SUPPLIED DATA:
+++++

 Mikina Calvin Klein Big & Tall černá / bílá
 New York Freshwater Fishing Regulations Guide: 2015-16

+++++

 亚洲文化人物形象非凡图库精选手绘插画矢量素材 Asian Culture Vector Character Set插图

+++++

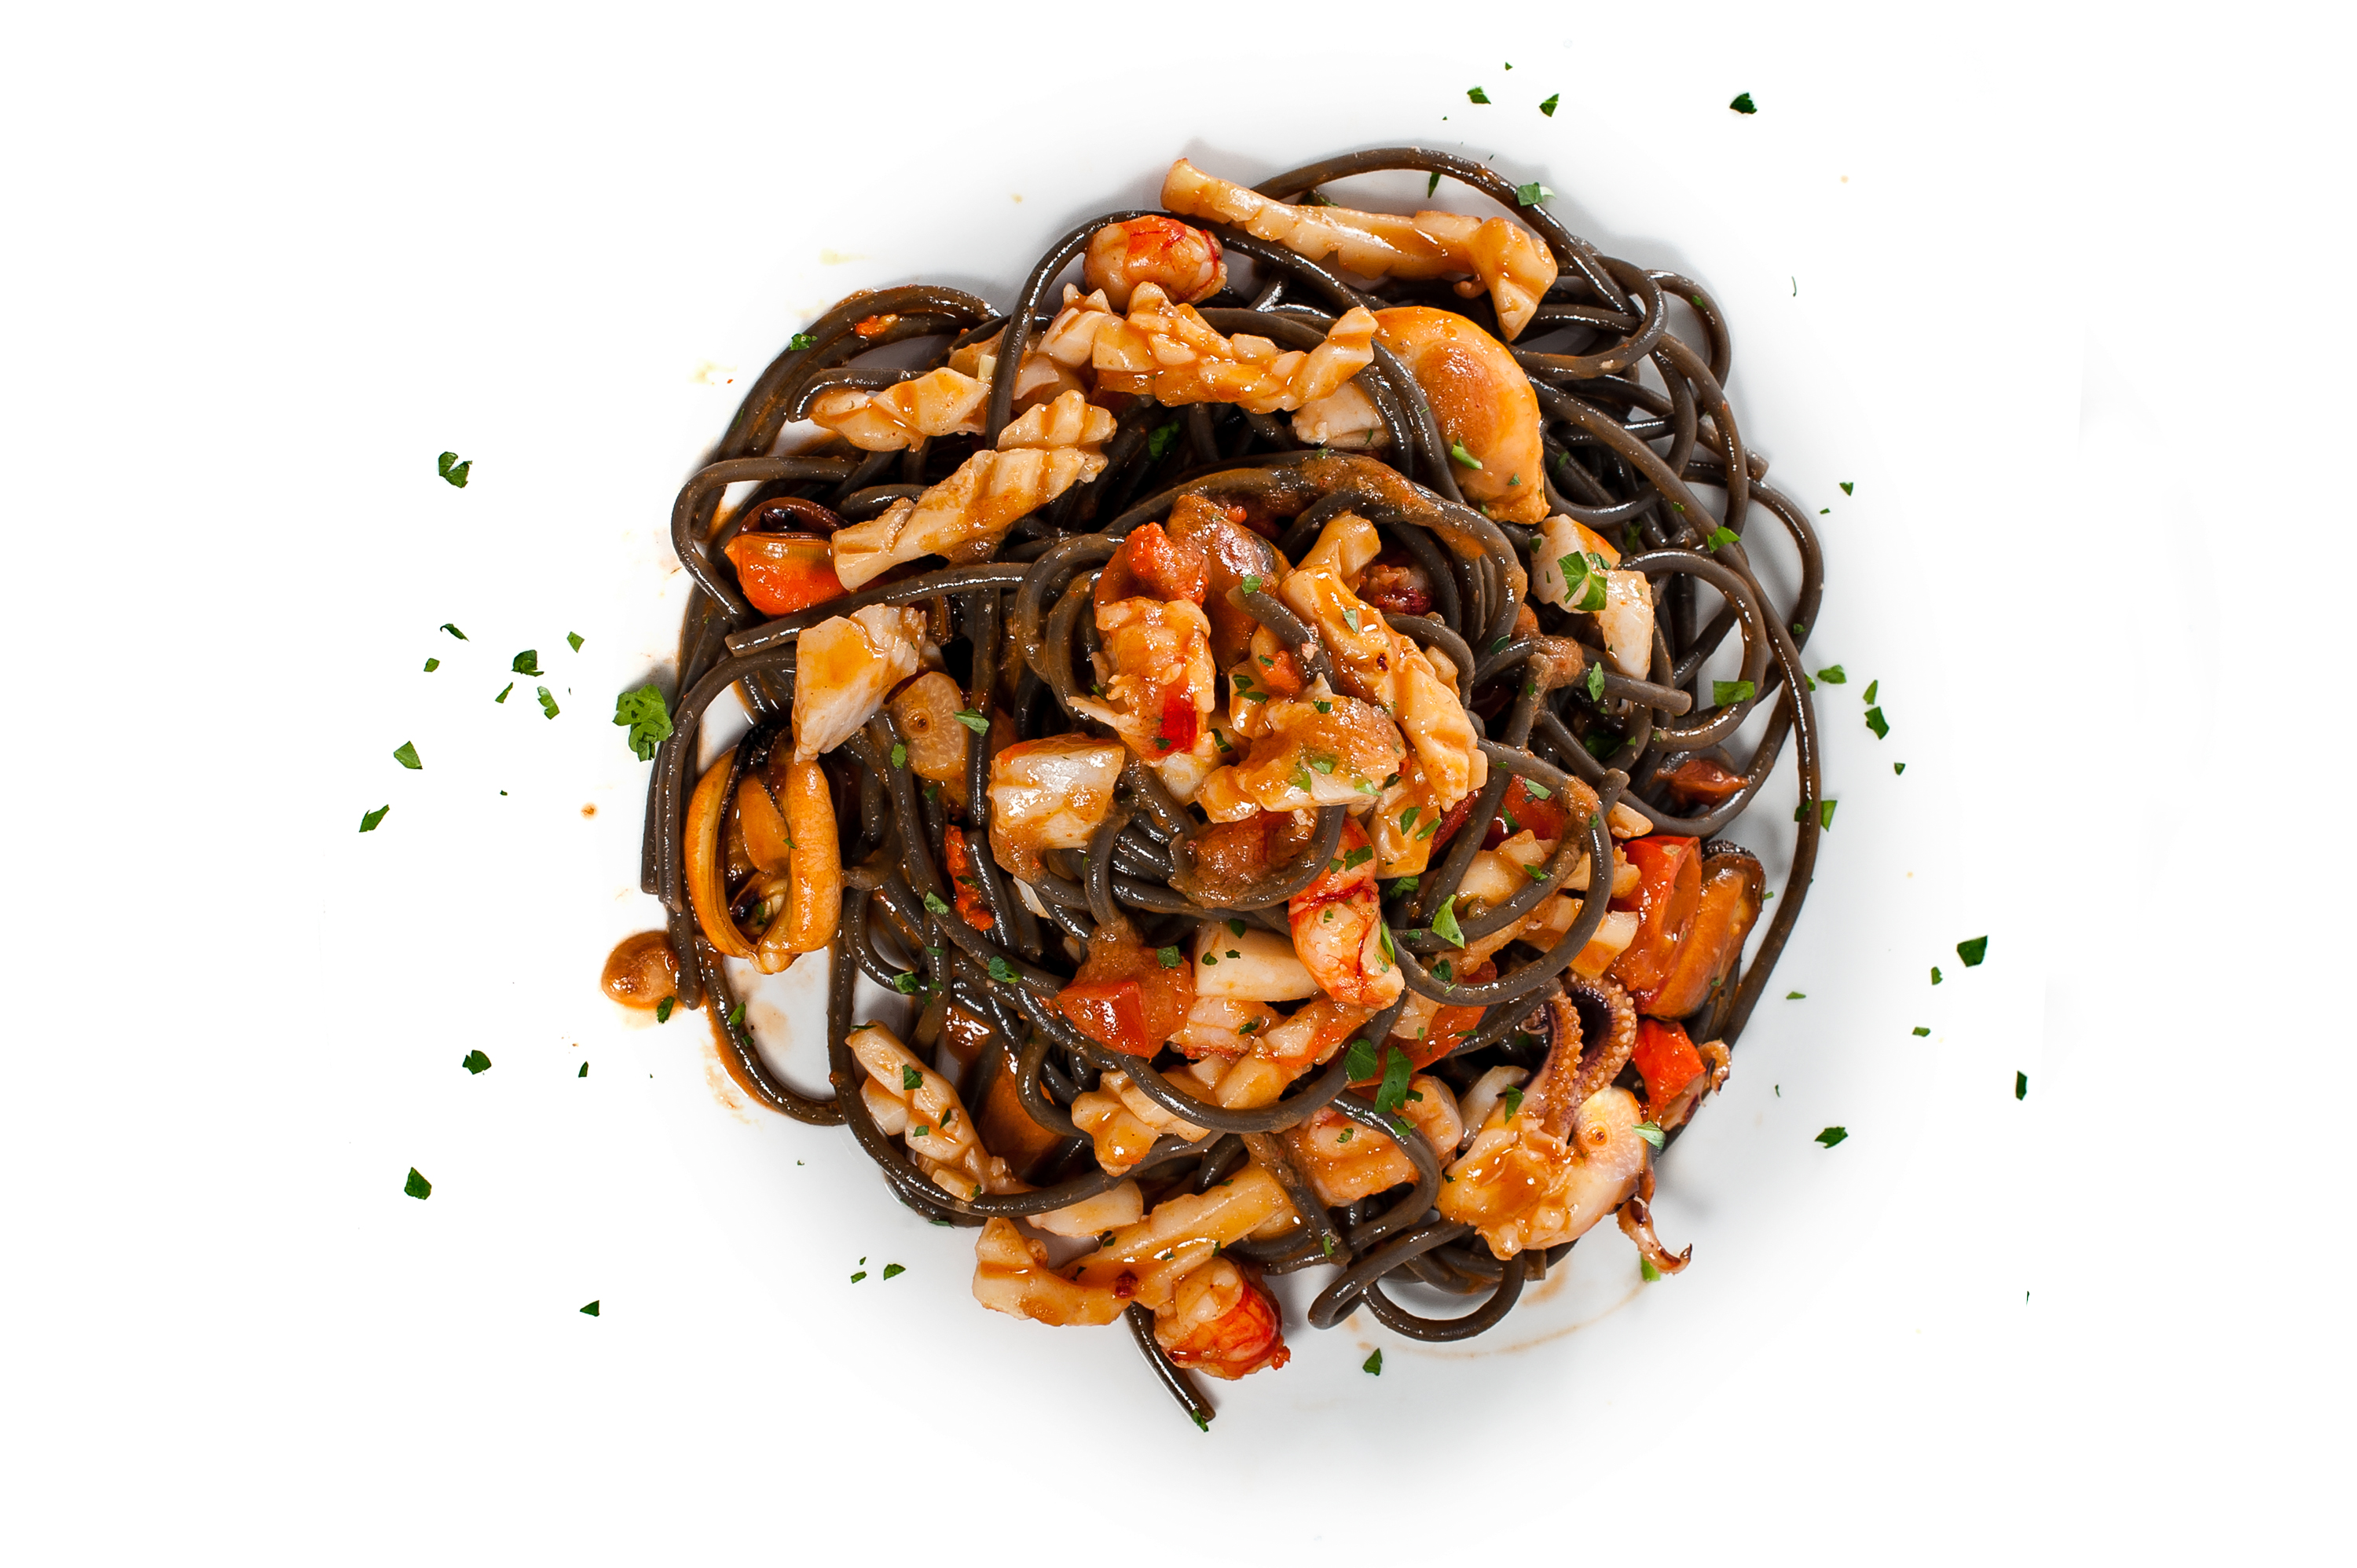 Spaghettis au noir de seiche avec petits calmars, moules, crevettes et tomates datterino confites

+++++

AIM OF THE TASK: The required output is the stretch of entries above from the line containing "Mikina Calvin Klein Big & Tall černá / bílá" through the line containing "New York Freshwater", reproduced exactly.

RESPONSE AREA:
 Mikina Calvin Klein Big & Tall černá / bílá
 New York Freshwater Fishing Regulations Guide: 2015-16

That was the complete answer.